When he finally realized the damage to his body was no longer worth it, he asked Hauck if he could become a student assistant.

“He said he wanted to coach,” said Hauck, now the special teams coordinator and associate head coach at San Diego State. “Obviously he’s been awfully good at it.”

Idaho State helmet left

by Brooks Nuanez

He was at Montana for one season before taking a graduate assistant position with Idaho. He spent 2009 coaching offensive linemen and 2010 with the Vandals wide receivers before Kramer offered him a job on his staff at Idaho State.

“I’ve lived in Idaho, I’ve lived in Washington,” said Kramer, now in his sixth season with the Bengals, “and all those years I lived in Montana there is an inbreeding of toughness that carries over through all sports, through all levels of classification that is very, very unique and I’m trying to get as much of it into our program as I can get.”

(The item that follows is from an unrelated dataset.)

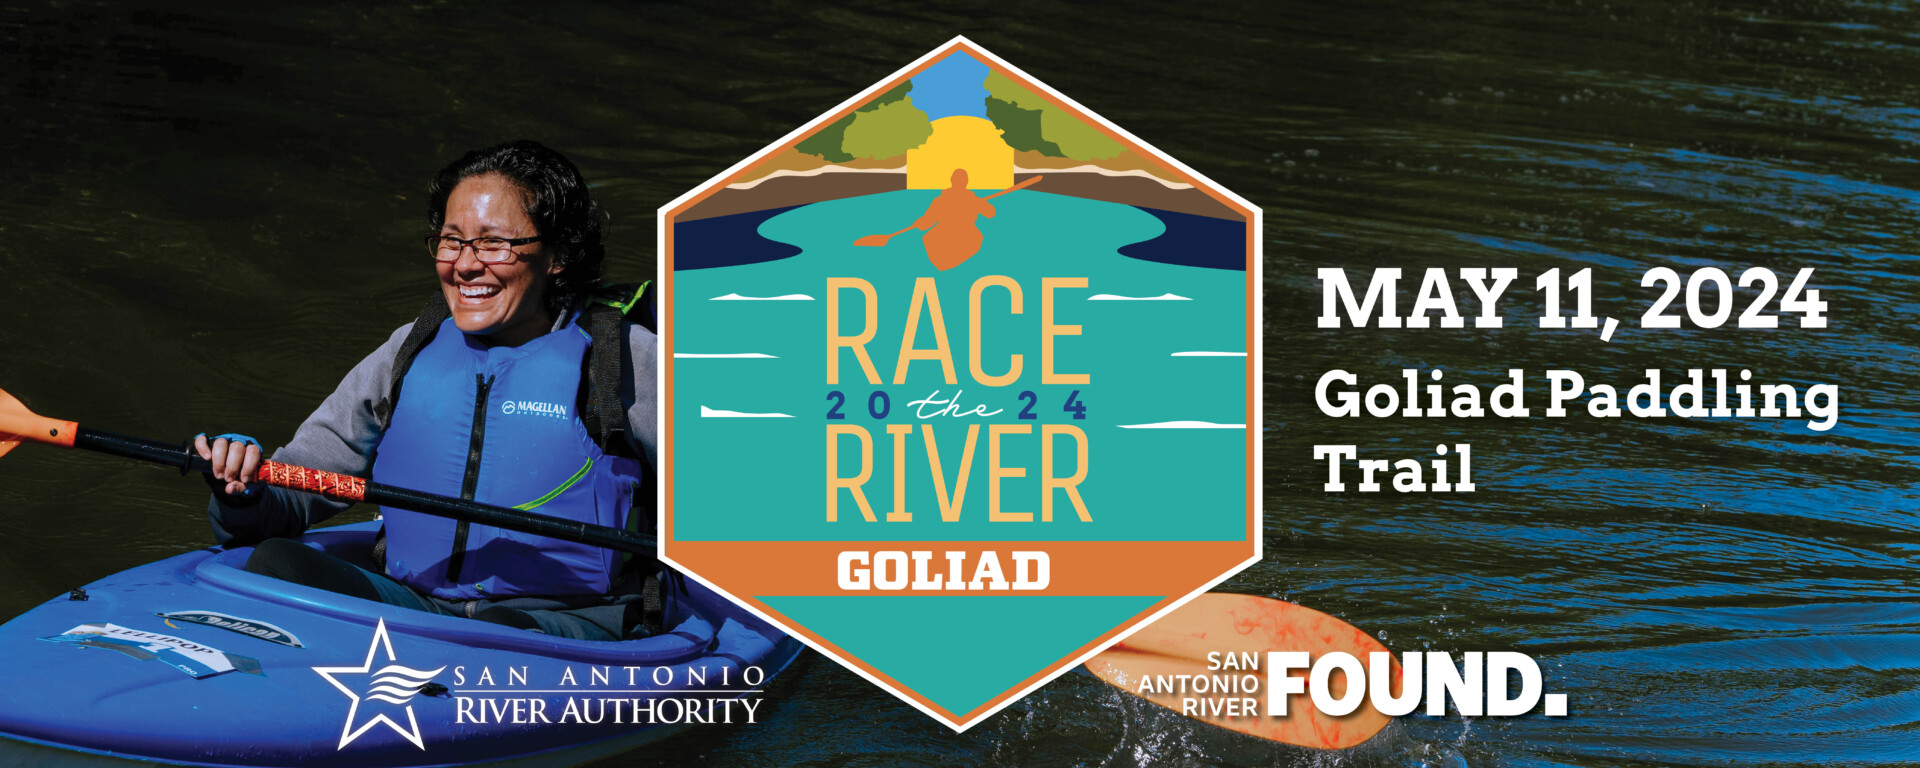 Race the River Goliad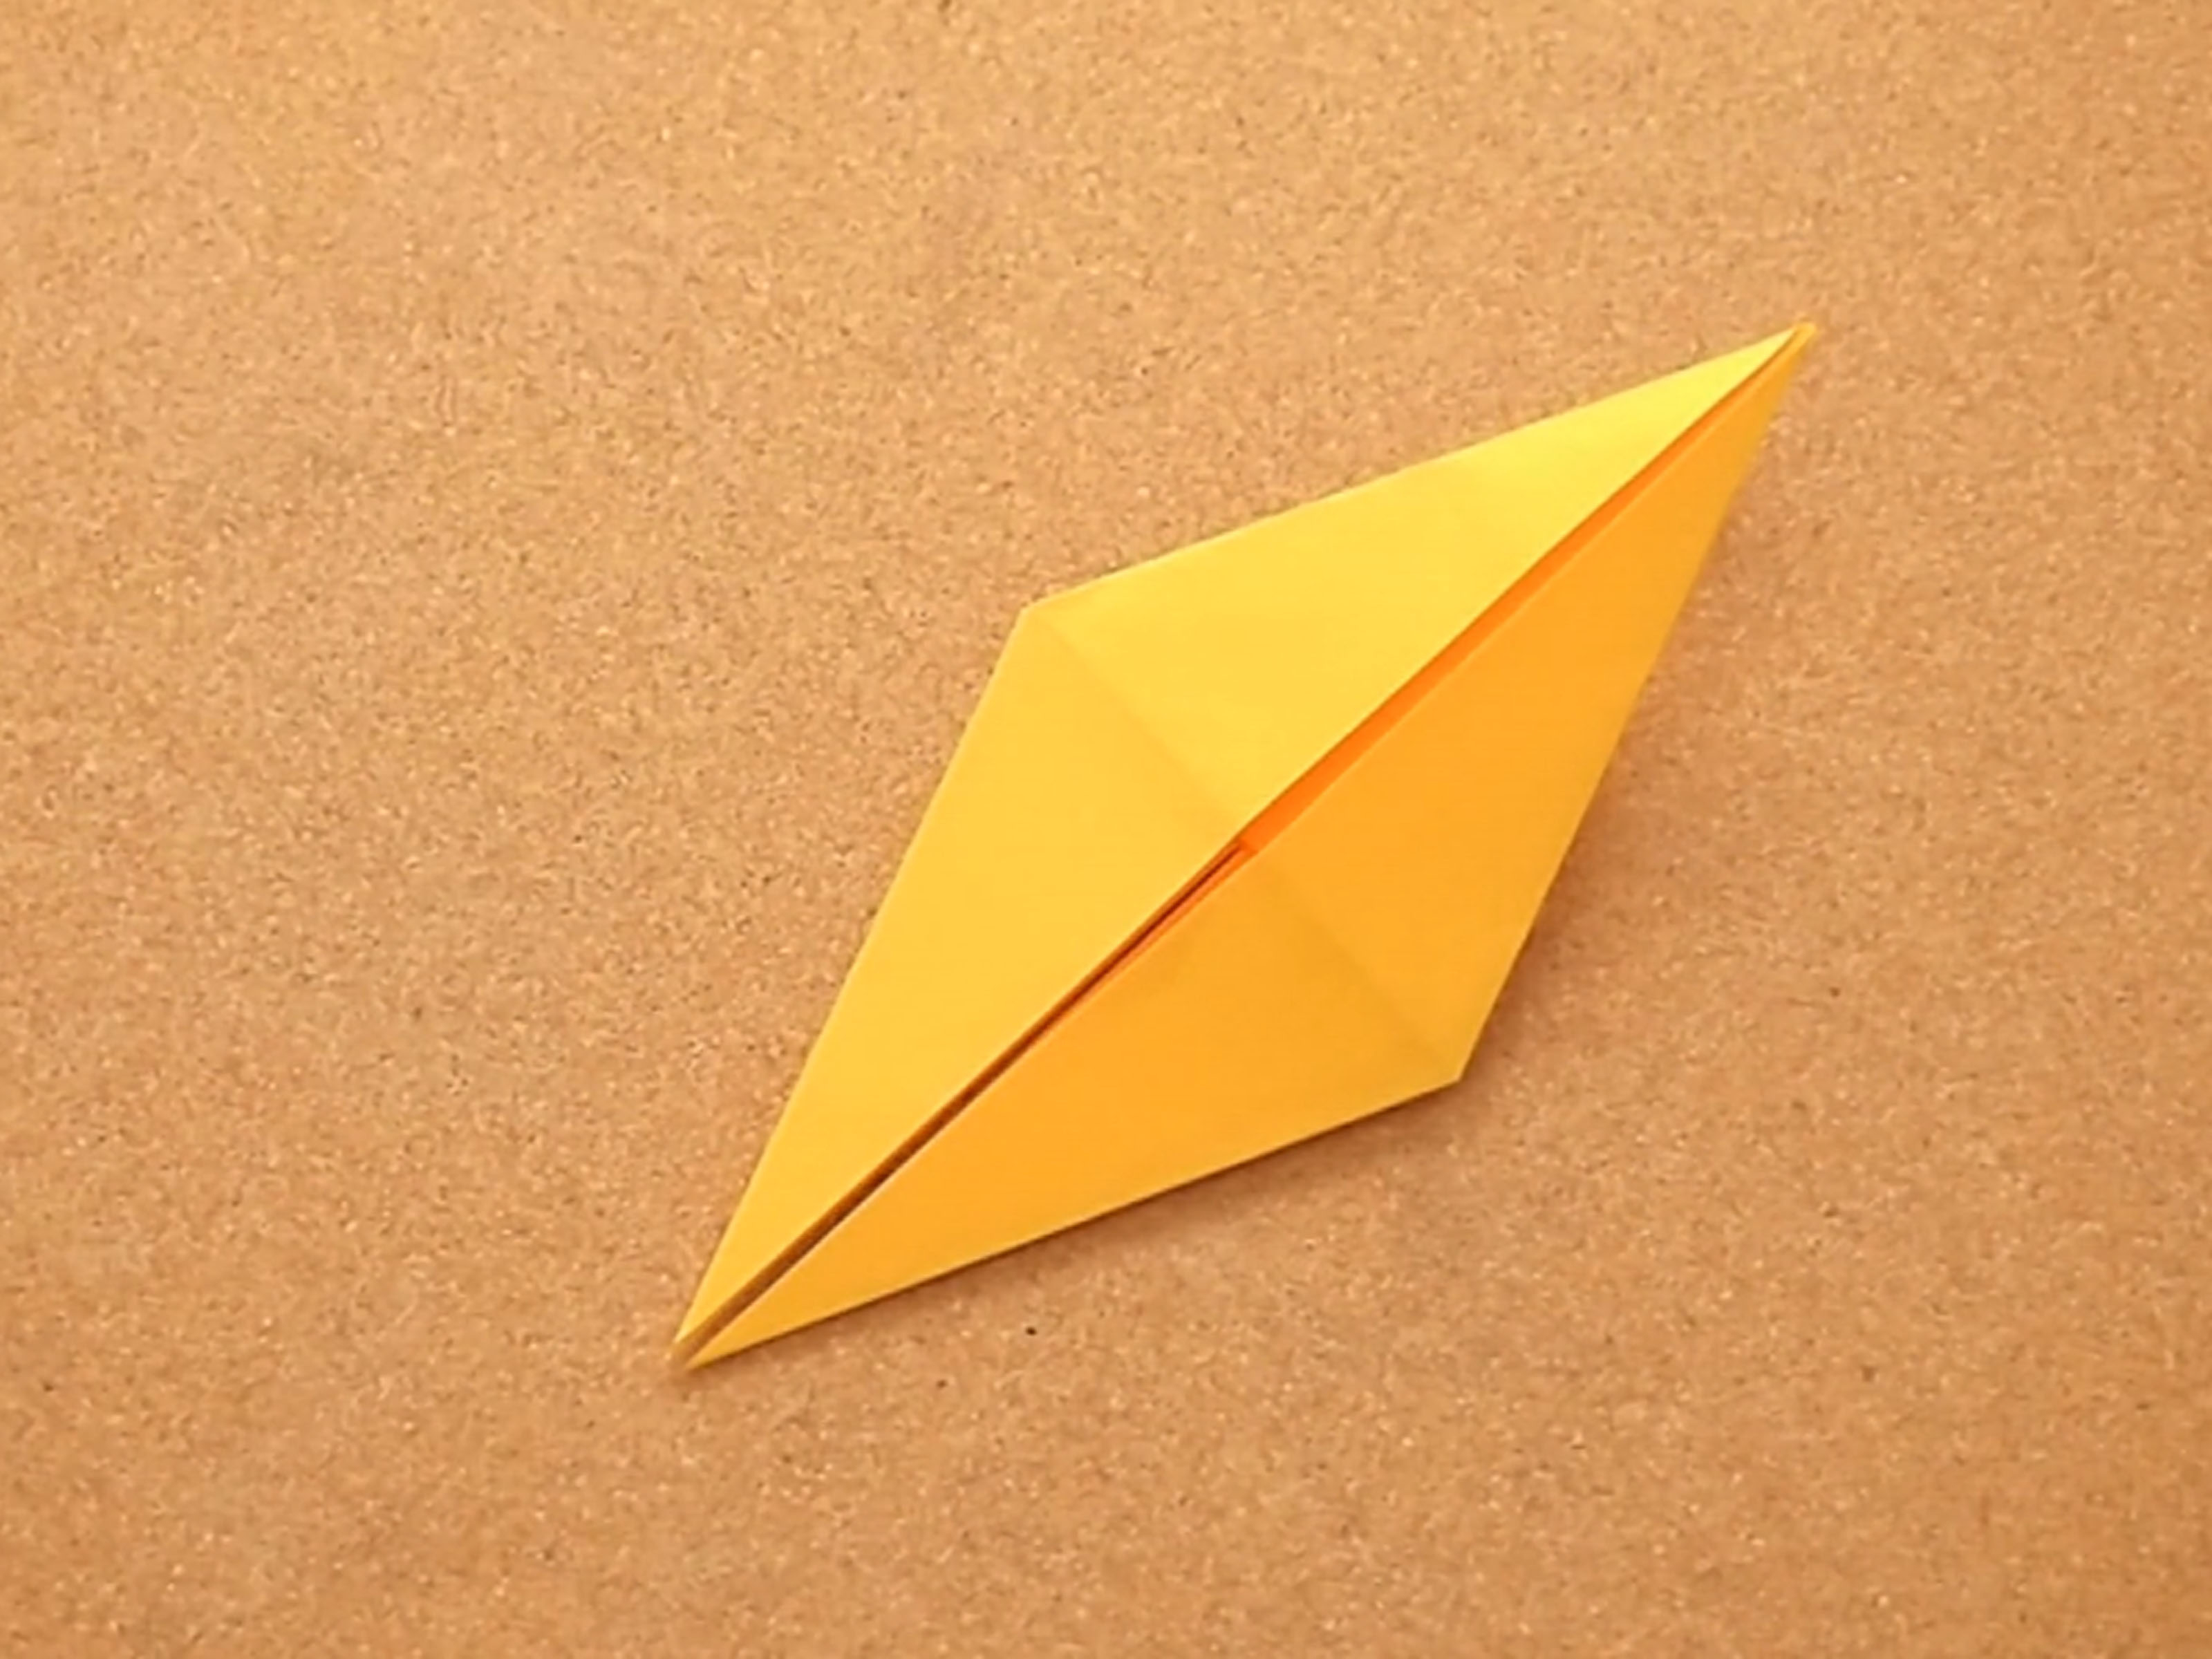 How To Make A Bird With Origami How To Make An Origami Bird Base 13 Steps With Pictures

Now in his fifth season on staff, Troxel is in his first year as offensive coordinator. It’s a been a tough go for the Bengals as a revolving door of quarterbacks and generally subpar play has relegated them to the bottom of the Big Sky. ISU comes to Montana with just one conference victory and just two wins overall on the heels of last season’s 2-9 finish. It’s a familiar spot for the Bengals, who have just five winning seasons in past 30 years. But to those who know Troxel,they don’t expect Idaho State’s fortunes to impede his ascent up the coaching ranks.

“He’s one of the smarter coaches I’ve ever been around,” Ferriter said. “He works his tail off and he’s dedicated to his profession and loves what he does. Matt is going to go as high as he wants to go.”